Task item:
Give an unaltered copy of the listing below, minus its pictures.

Raw data:
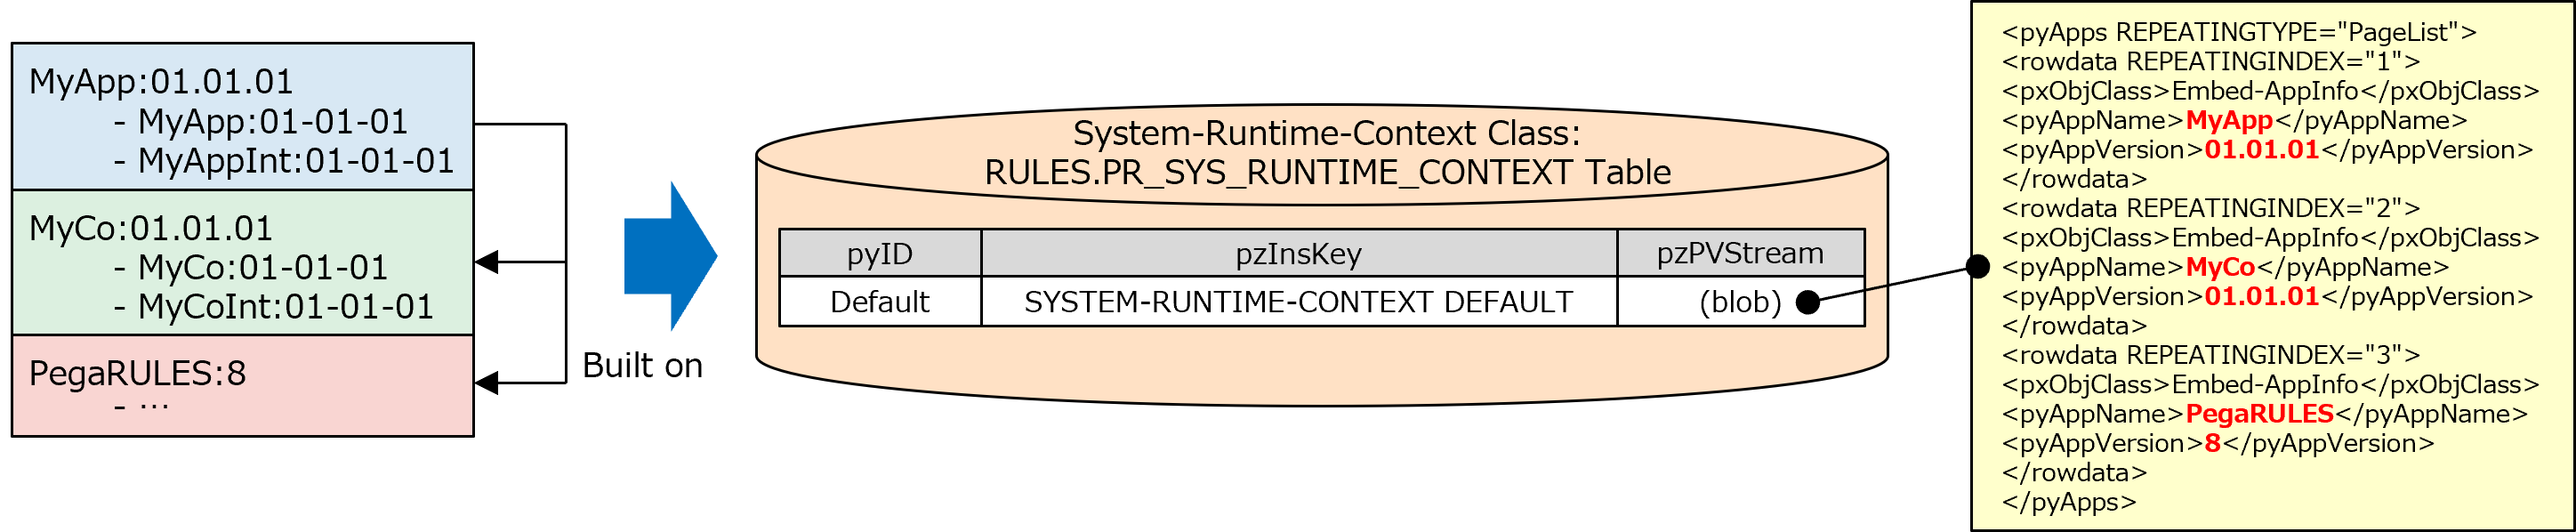 PR_SYS_RUNTIME_CONTEXT
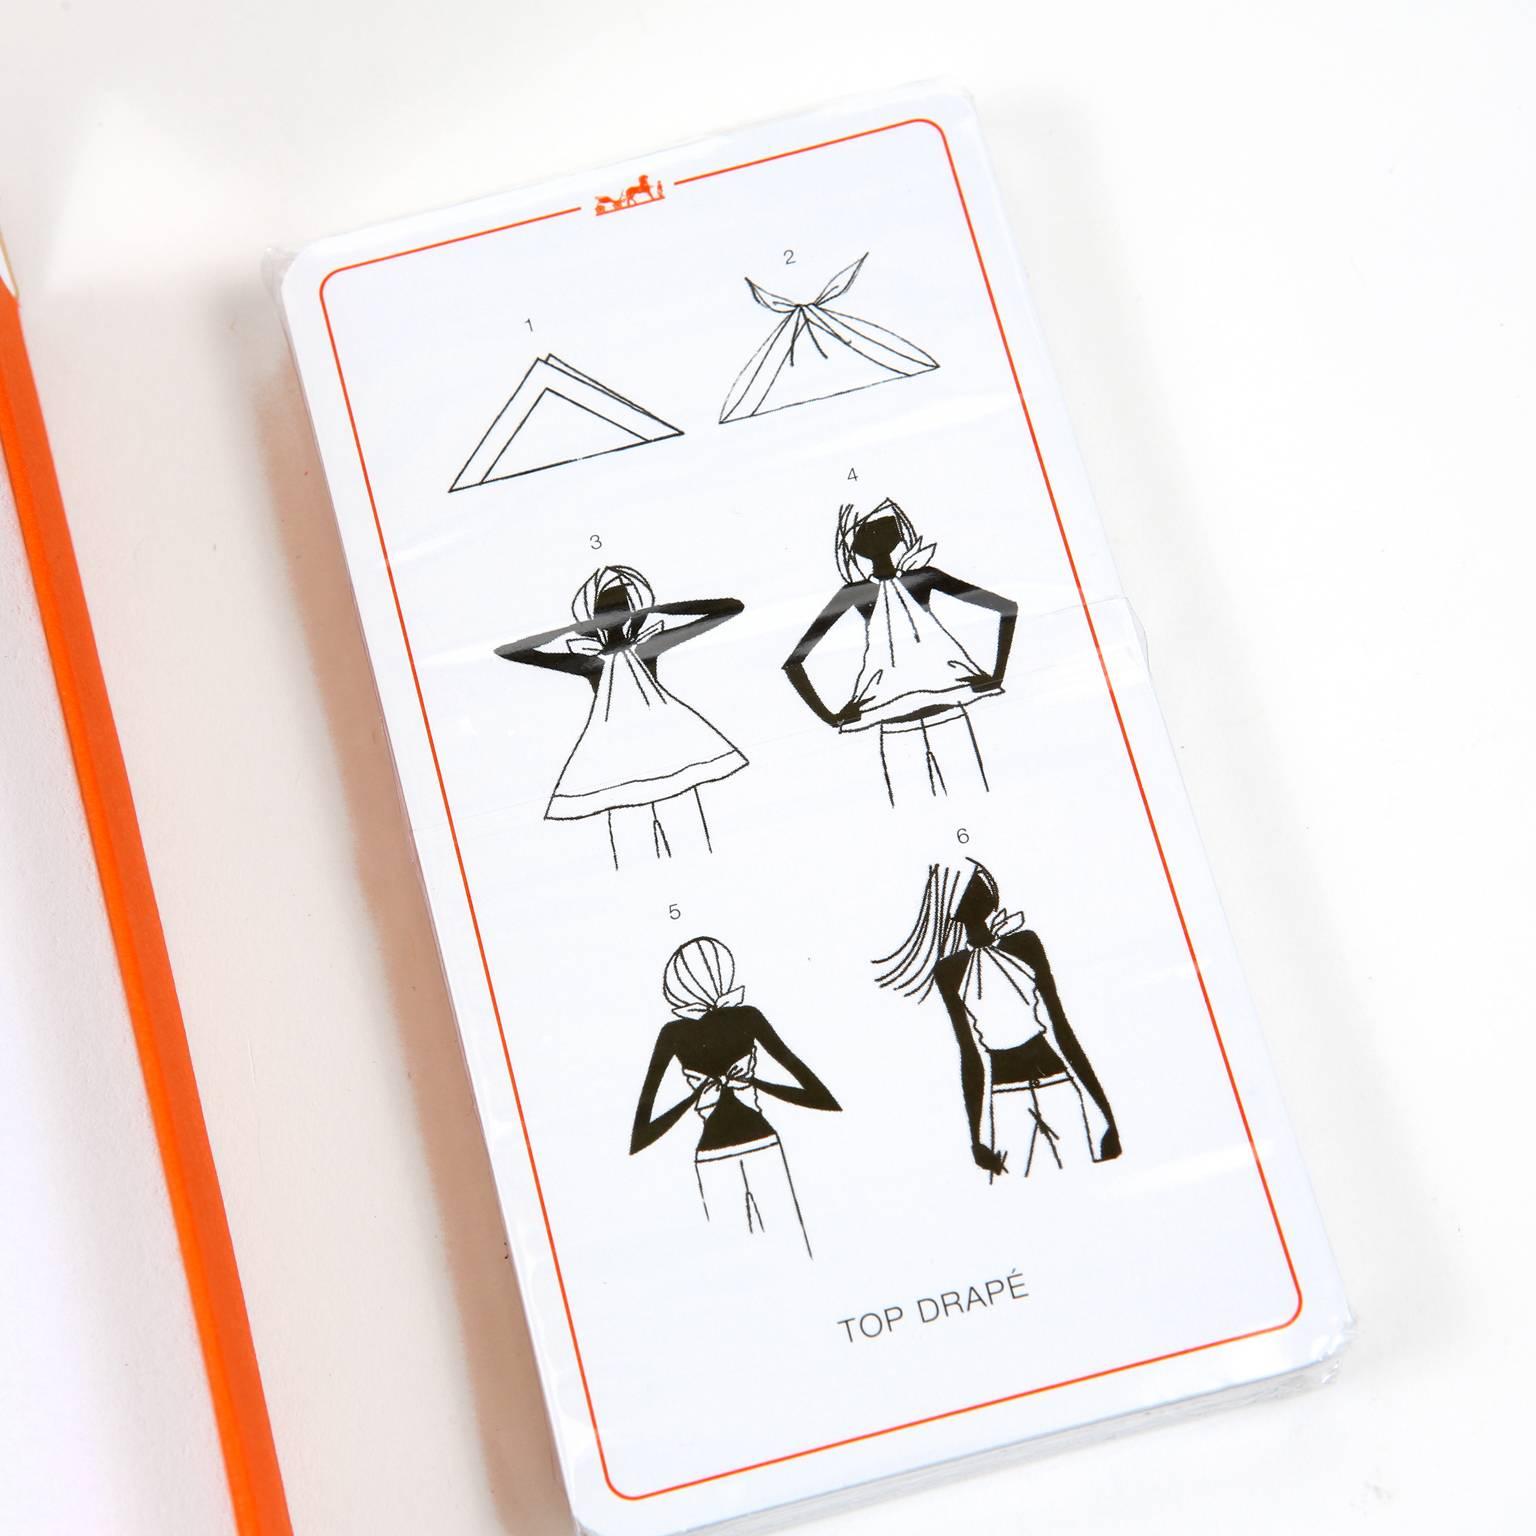 These authentic Hermès Scarf Knotting Cards are new with the box.  Illustrations with step by step directions and photos of the finished look on each card.  A perfect approach to finding new and creative ways to enjoy any scarf collection.  
A259
 
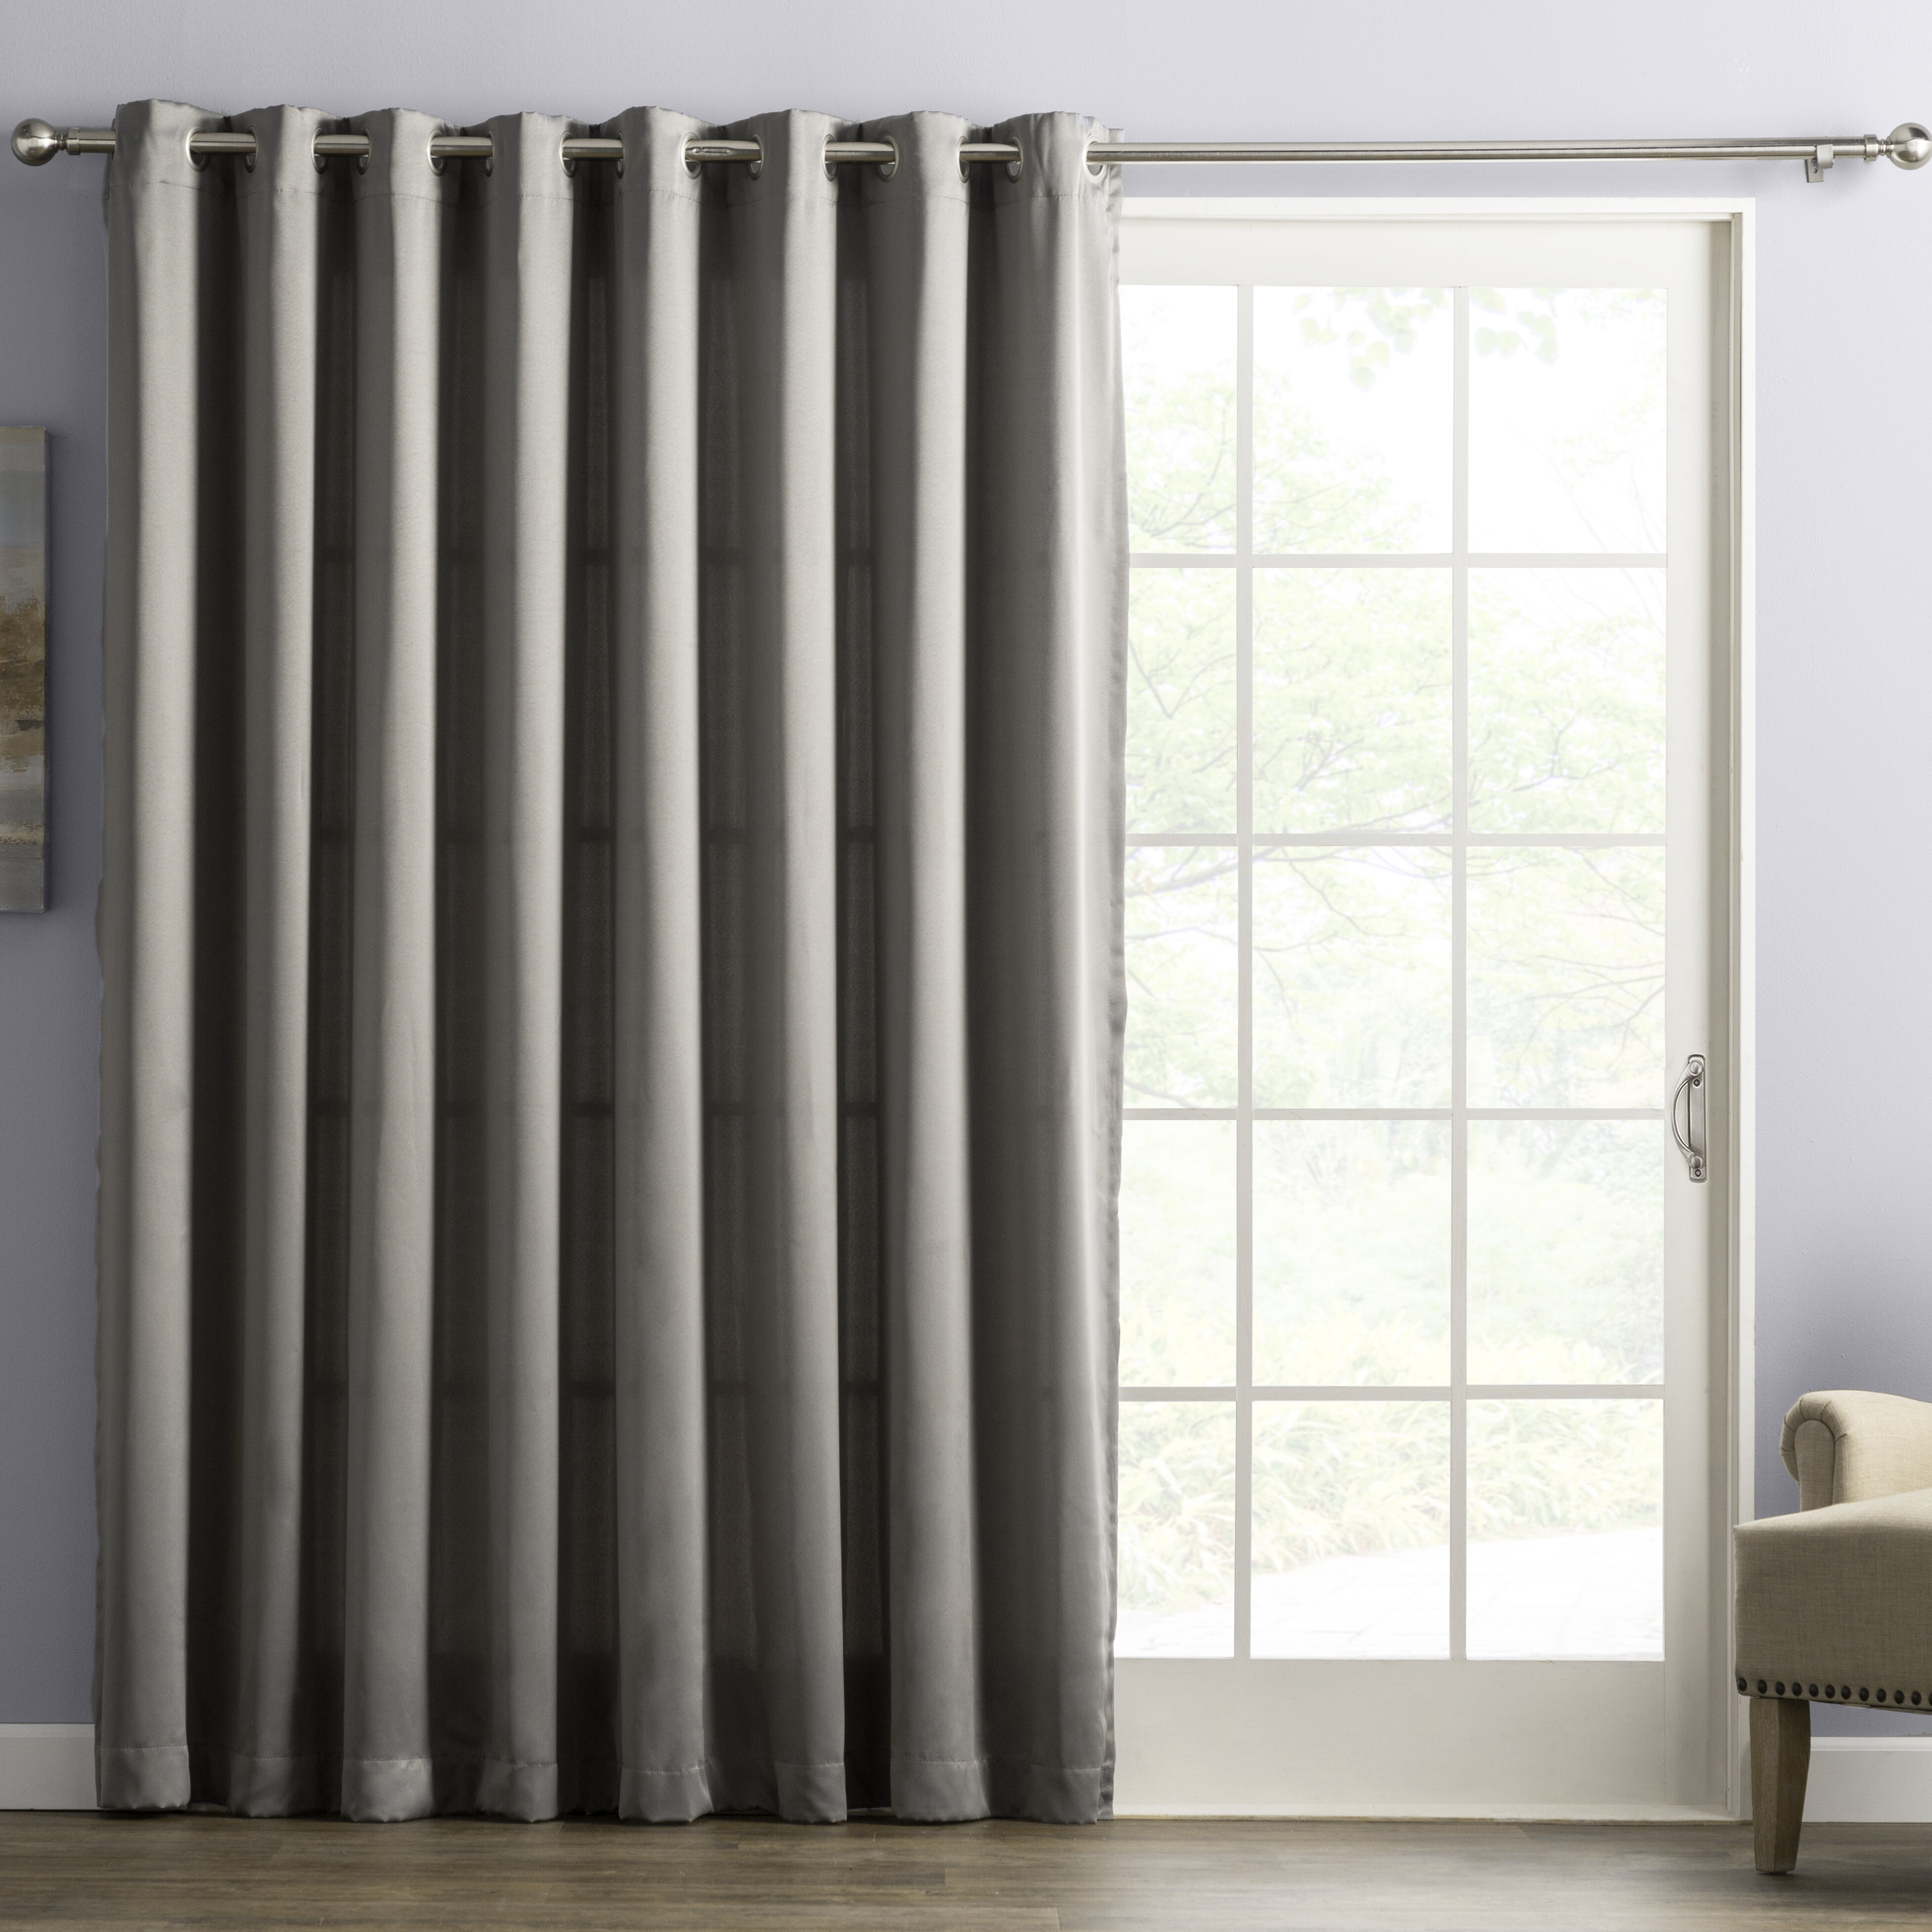 New-Opened  Silk Home Blackout Curtains 2 Panels Everly Charcoal 52 W x 84 L

Exercise output:
 PR_SYS_RUNTIME_CONTEXT
 These authentic Hermès Scarf Knotting Cards are new with the box.  Illustrations with step by step directions and photos of the finished look on each card.  A perfect approach to finding new and creative ways to enjoy any scarf collection.  
A259
 
 New-Opened  Silk Home Blackout Curtains 2 Panels Everly Charcoal 52 W x 84 L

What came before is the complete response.